Workshop

A Case for a Simulation-Driven Exploration of Distributed GenAI Platforms

Abstract

The rapid adoption of Generative AI (GenAI) workloads has driven the emergence of inference serving platforms like llm-d and Nvidia Dynamo. However, exploring the design space for these platforms, especially for large-scale, multi-layer optimizations, remains prohibitively expensive and slow due to limited hardware access and high engineering overheads. Current evaluation methods often focus on isolated components, failing to capture the complex interplay between hardware components, scheduling policies, and dynamic GenAI workloads.

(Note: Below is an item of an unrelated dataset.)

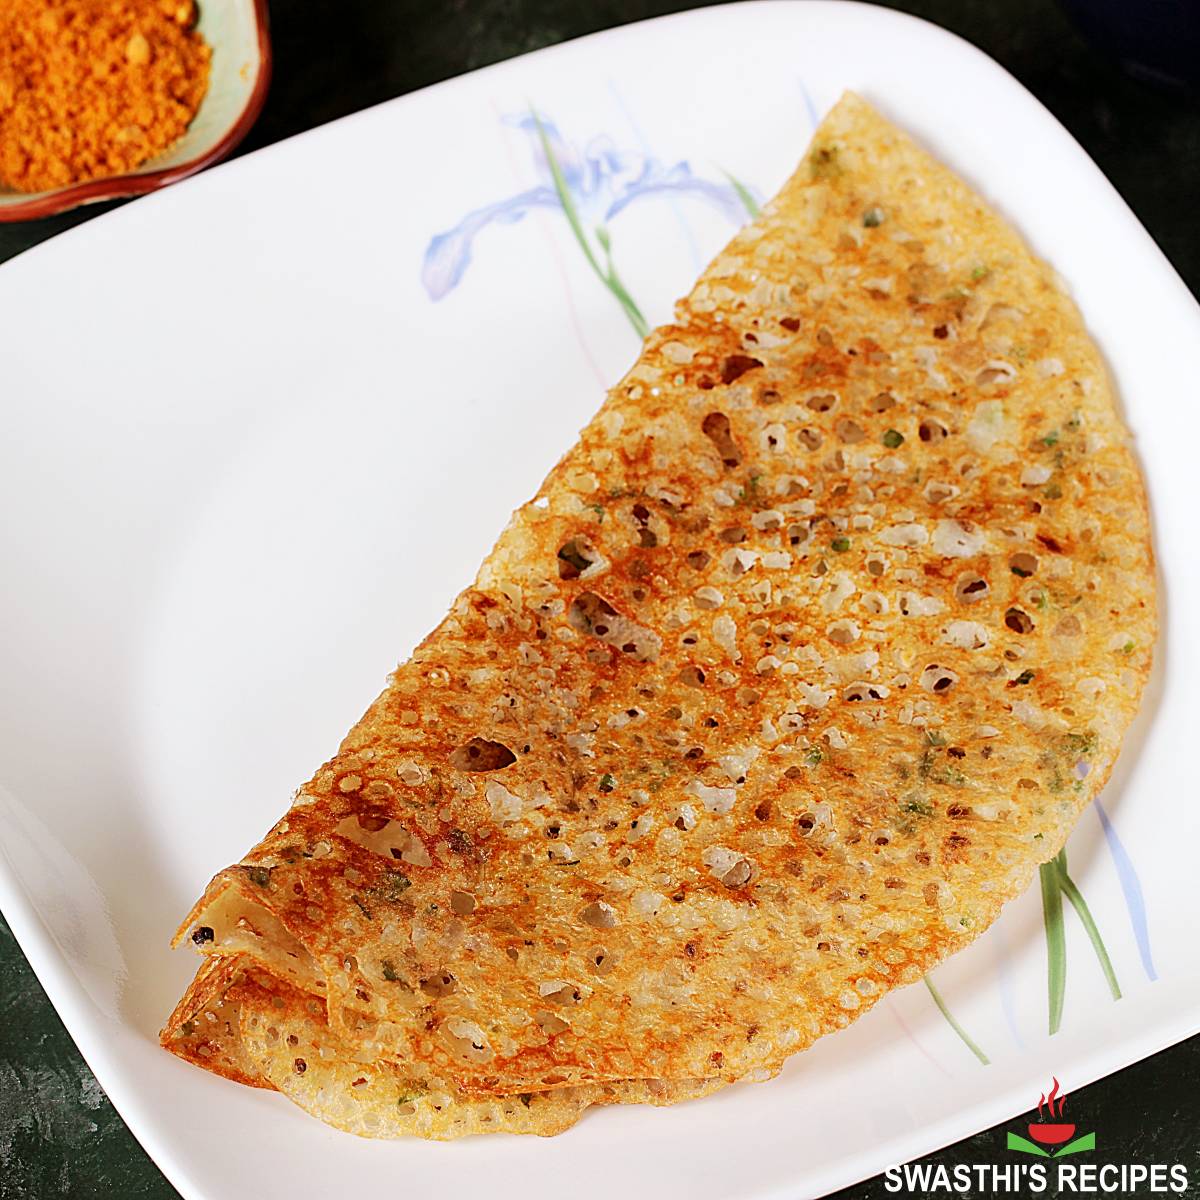 Wheat dosa also known as godhuma dosa served in a white plate

We argue that the design space exploration of GenAI platforms can be accelerated by leveraging a simulation-based approach that offers a fast, cheap, and scalable methodology to rapidly prototype and validate new ideas. To this end, we present Opal, an open-source, discrete-event simulation framework. Unlike prior simulators, Opal models interactions across multiple layers of the inference stack from hardware to workloads, enabling a holistic analysis of system-level behaviors and trade-offs. Opal is designed to be simple, extensible, reproducible, and fast, allowing researchers to rapidly explore a wide range of deployment scenarios and optimization strategies. In this paper, we present our motivation and Opal's design, and seek feedback from the community on open challenges.